When the action is at the endpoint: Watson's lemma

Laplace's method as stated assumes an interior peak. But a huge family of integrals has the dominant contribution sitting at an endpoint instead, with no interior critical point at all. The canonical shape is 'I(s) = integral from 0 to infinity of f(t) e^{-s*t} dt' — a one-sided exponential decay anchored at t = 0. As s grows, the weight e^{-s*t} dies off so fast that only the behavior of f(t) right at t = 0 survives. This is the natural home of Watson's lemma, and notice the form is exactly a Laplace transform of f, read in the large-s limit.

Watson's lemma is gloriously mechanical. If near t = 0 the function f(t) has a (possibly fractional-power) expansion 'f(t) ~ sum of a_k t^{k+b}' with the exponent b > -1 so the integral converges, then you may integrate it term by term — even though that series may not converge for any t > 0. Each power t^{c} integrated against e^{-s*t} gives a Gamma function: 'integral from 0 to infinity of t^c e^{-s*t} dt = Gamma(c+1) / s^{c+1}'. The result is the asymptotic series 'I(s) ~ sum of a_k Gamma(k+b+1) / s^{k+b+1}'. So the small-t Taylor (or Puiseux) data of f, term by term, becomes the large-s asymptotics of its transform.

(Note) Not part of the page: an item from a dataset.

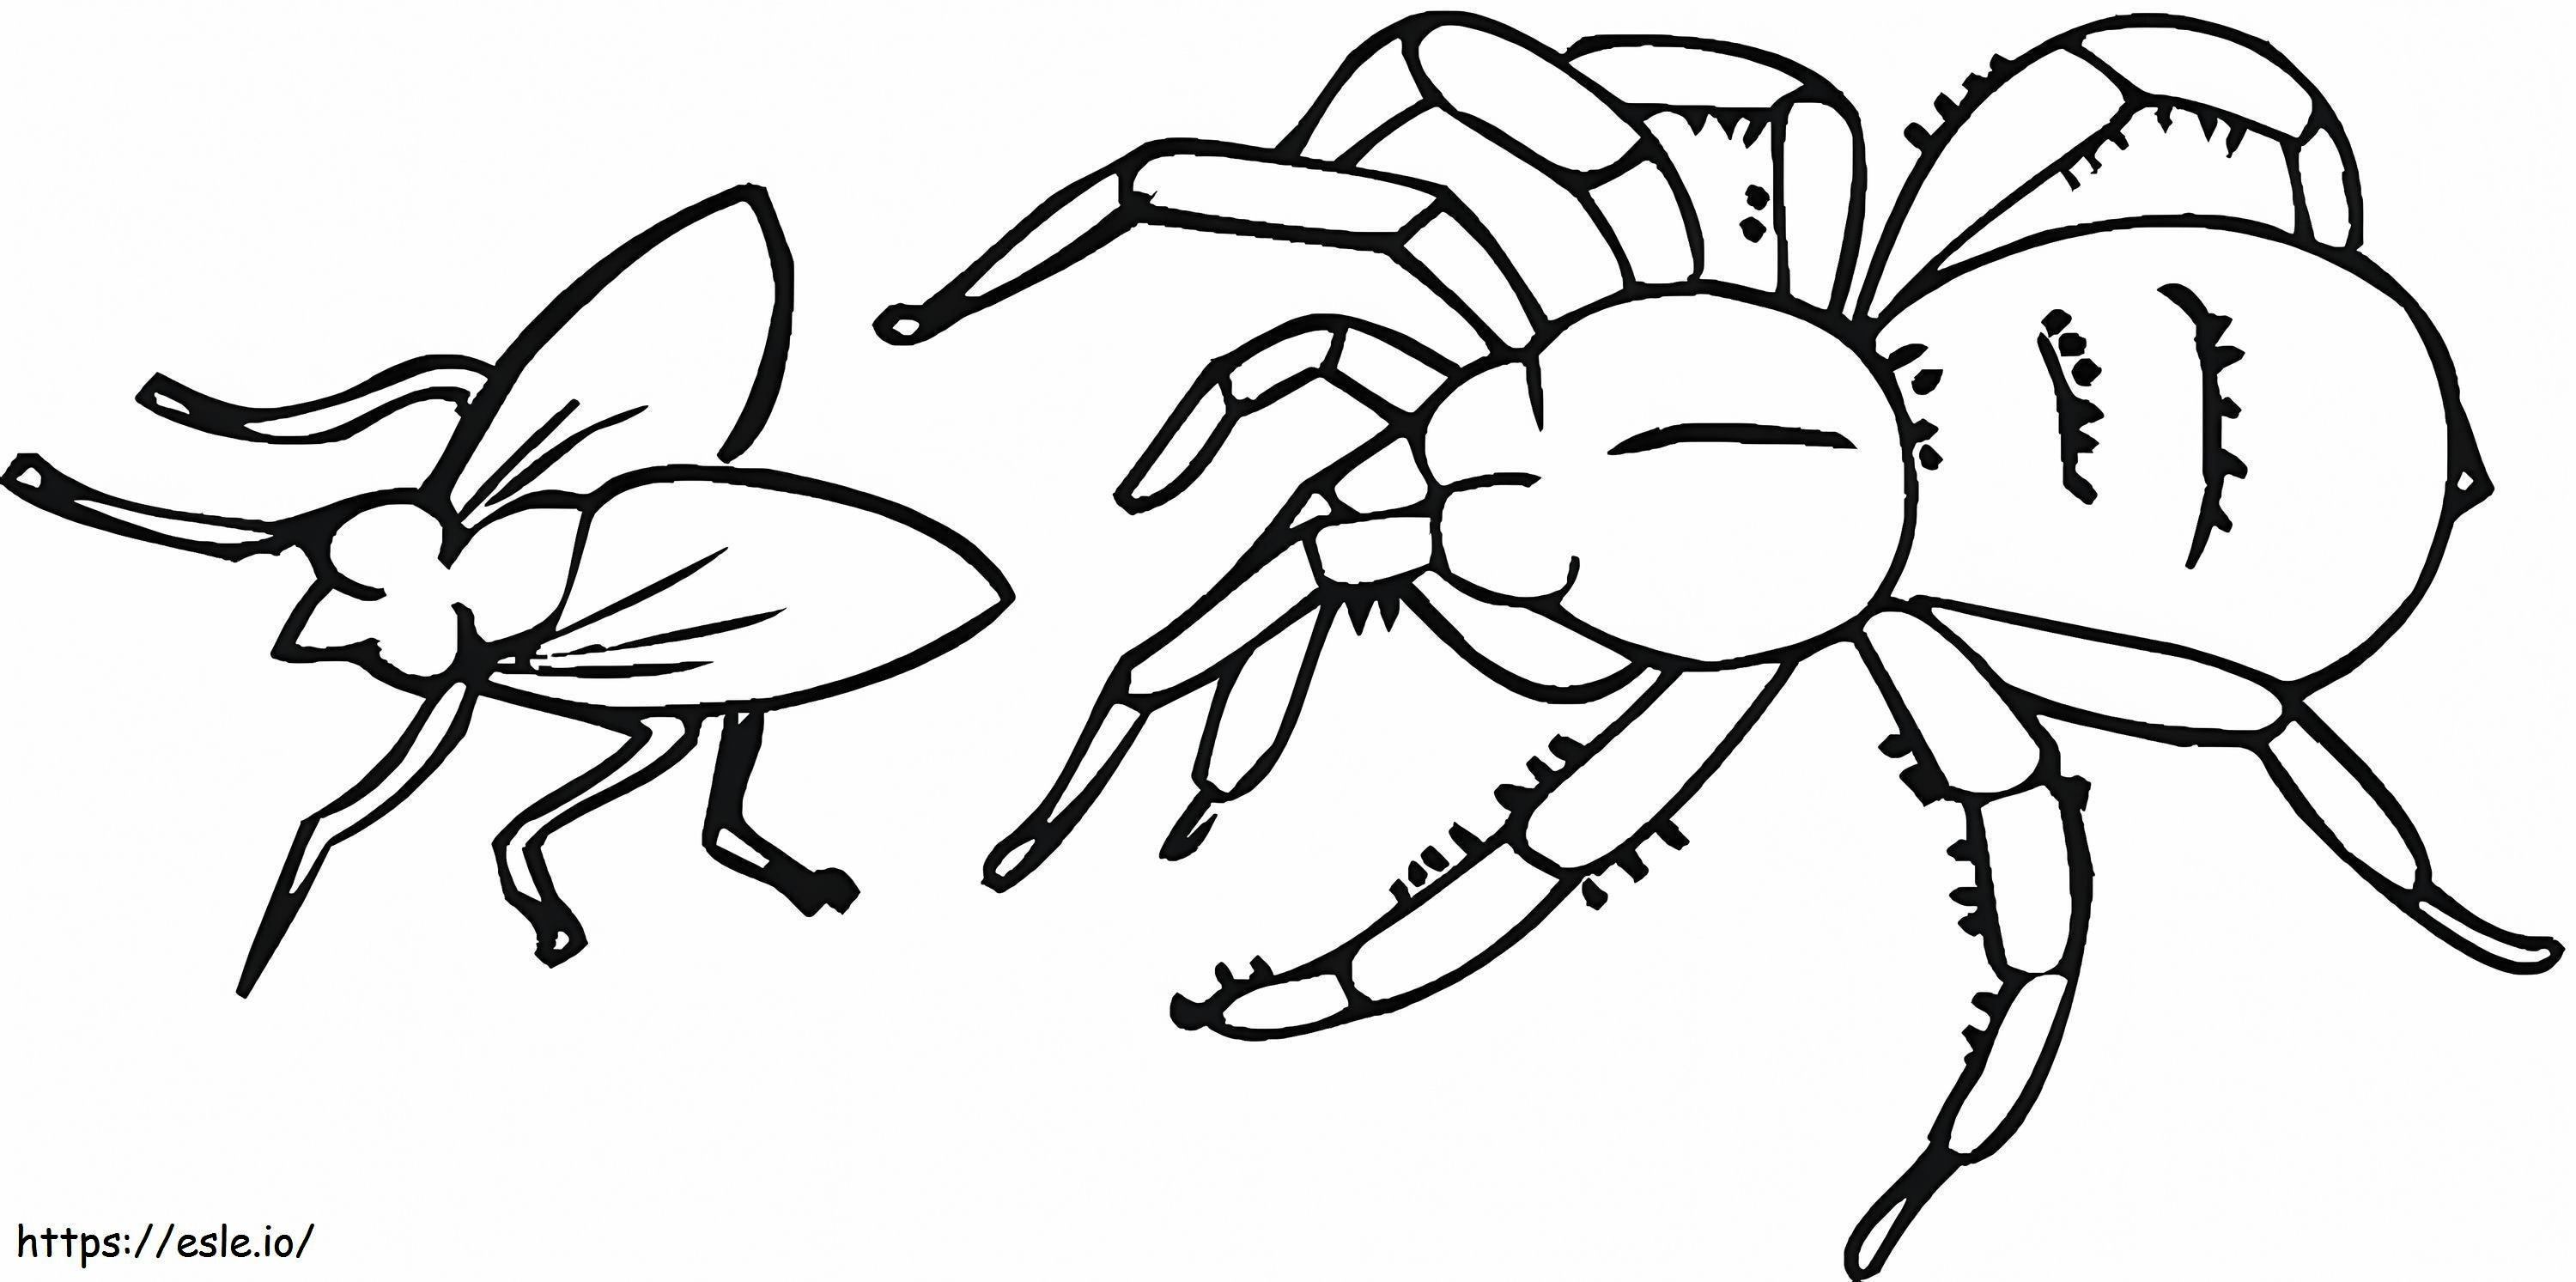 Aranha e mosca para colorir

Limits, cousins, and what to remember

Be honest about the hypotheses. Laplace's method needs a real exponent, so phi must be real and the peak must genuinely dominate; if two maxima tie, you add a contribution from each. It needs phi''(x0) to be nonzero — a degenerate peak (phi'' = 0 too) makes the spike fatter, the Gaussian is replaced by a quartic, and the decay rate changes from 1/sqrt(s) to 1/s^{1/4}. And it is an asymptotic statement: it tells you the behavior as s -> infinity, not a guaranteed bound at a fixed finite s, though in practice it is often excellent even for modest s (recall the 1% error at n = 10).

The biggest restriction is that phi must be real, so the spike is a real bump you can sit on. The moment the exponent is imaginary — an integral of 'e^{i*s*psi(x)}', the realm of waves and oscillations — there is no peak to expand around; instead rapid oscillation makes neighboring contributions cancel, and the dominant points are where psi'(x) = 0. That is the method of stationary phase. Unify both pictures by letting the exponent be complex and deforming the path of integration to pass through a saddle, and you reach the method of steepest descent — the next guide. Laplace's method is the real-axis, single-peak special case of that grander complex-plane story.